对于那些你们谁曾跟随的乐趣我的Twitter (...),你可能知道,我是一个完整的足球(足球)的狂热。 我什至还开设了一个单独的Twitter帐户来表达我的沉思。 如果您自己跟随足球运动,您会知道我们才刚刚开始国际转会窗口,并且有十亿谣言称十亿球员将进入十亿俱乐部。 这足以使您发疯,但我只想知道下个赛季谁将进入阿森纳和利物浦一线队。

The problem I run into, besides all of the rubbish reports making waved, is that I don't have time to check every website on the hour.  Twitter is a big help, but there's nothing better during this time than an official report from each club's website.  To keep an eye on those reports, I'm using the power of PHP Simple HTML DOM Parser to write a tiny PHP script that shoots me an email whenever a specific page is updated.

除了挥舞所有垃圾报告外,我遇到的问题是我没有时间在一个小时内检查每个网站。 Twitter是一个很大的帮助,但是在此期间,没有什么比每个俱乐部网站上的官方报告更好的了。 为了密切关注这些报告,我使用PHP Simple HTML DOM解析器的功能编写了一个小PHP脚本,每当更新特定页面时,该脚本就会向我发送电子邮件。

PHP简单HTML DOM解析器 (PHP Simple HTML DOM Parser)

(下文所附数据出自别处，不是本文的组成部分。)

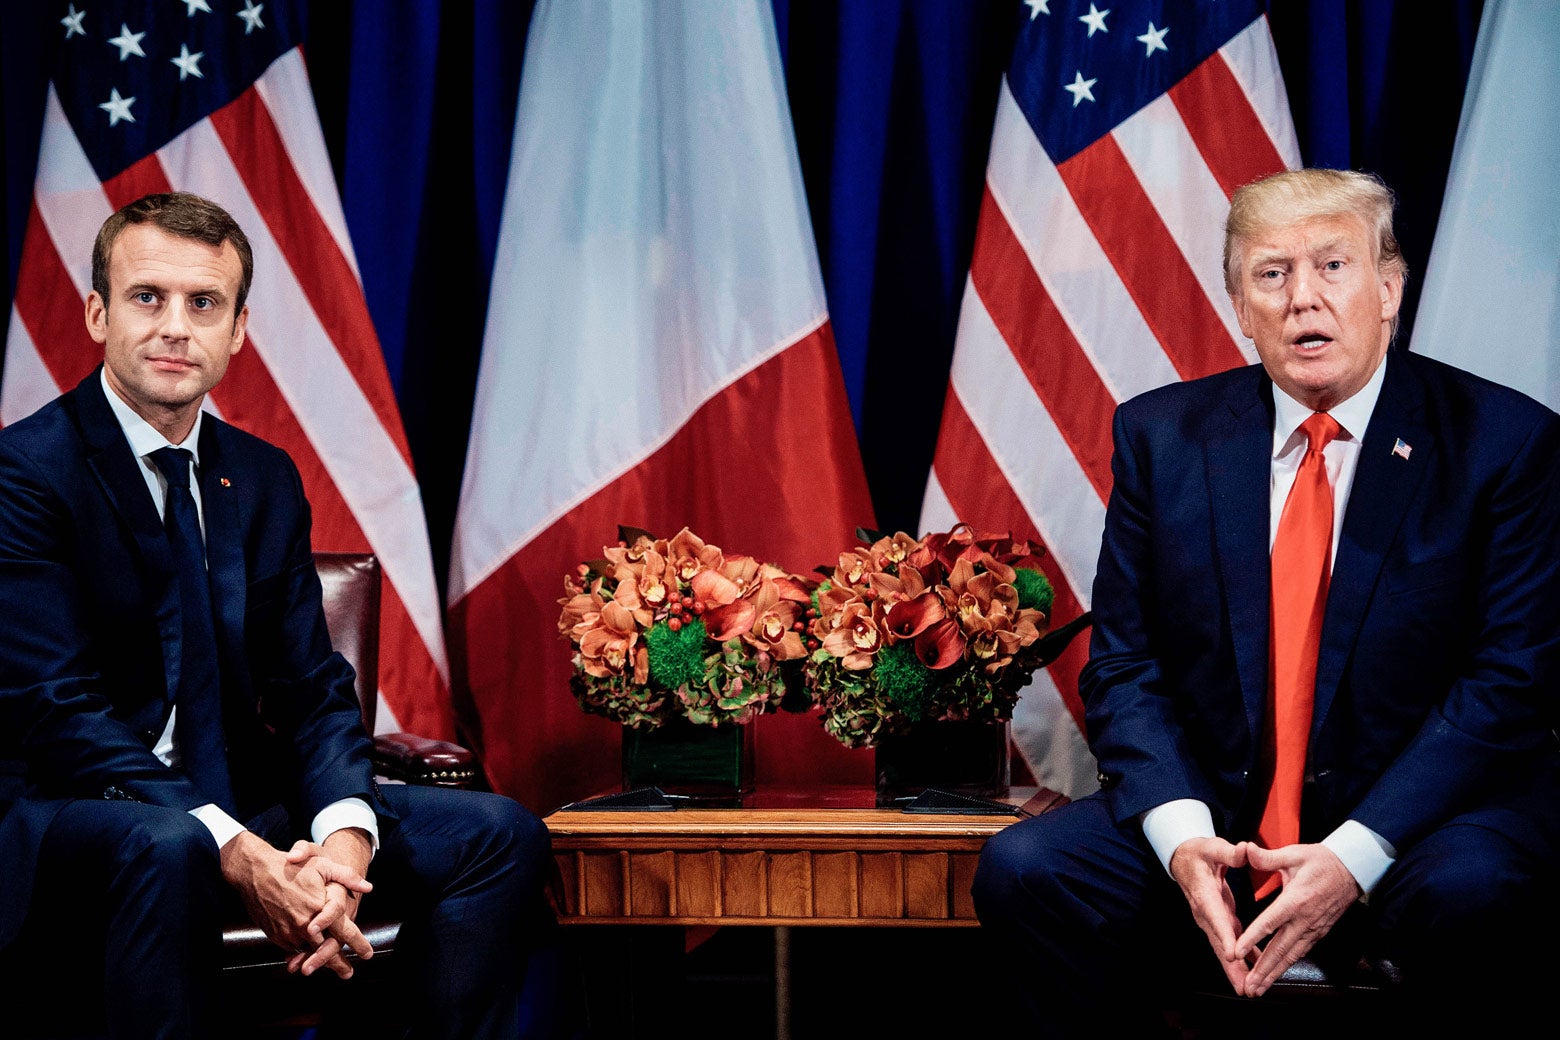 French President Emmanuel Macron listens while U.S. President Donald Trump makes a statement for the press before a meeting at the Palace Hotel during the 72nd session of the United Nations General Assembly on Sept. 18 in New York.

PHP Simple HTML DOM Parser is a dream utility for developers that work with both PHP and the DOM because developers can easily find DOM elements using PHP. Here are a few sample uses of PHP Simple HTML DOM Parser:

PHP简单HTML DOM解析器对于使用PHP和DOM的开发人员来说是理想的实用程序,因为开发人员可以使用PHP轻松找到DOM元素。 以下是PHP Simple HTML DOM解析器的一些示例用法:


// Include the library
include('simple_html_dom.php');
 
// Retrieve the DOM from a given URL
$html = file_get_html('https://davidwalsh.name/');

// Find all "A" tags and print their HREFs
foreach($html->find('a') as $e) 
    echo $e->href . '<br>';

// Retrieve all images and print their SRCs
foreach($html->find('img') as $e)
    echo $e->src . '<br>';

// Find all images, print their text with the "<>" included
foreach($html->find('img') as $e)
    echo $e->outertext . '<br>';

// Find the DIV tag with an id of "myId"
foreach($html->find('div#myId') as $e)
    echo $e->innertext . '<br>';

// Find all SPAN tags that have a class of "myClass"
foreach($html->find('span.myClass') as $e)
    echo $e->outertext . '<br>';

// Find all TD tags with "align=center"
foreach($html->find('td[align=center]') as $e)
    echo $e->innertext . '<br>';
    
// Extract all text from a given cell
echo $html->find('td[align="center"]', 1)->plaintext.'<br><hr>';


Like I said earlier, this library is a dream for finding elements, just as the early JavaScript frameworks and selector engines have become. Armed with the ability to pick content from DOM nodes with PHP, it's time to analyze websites for changes.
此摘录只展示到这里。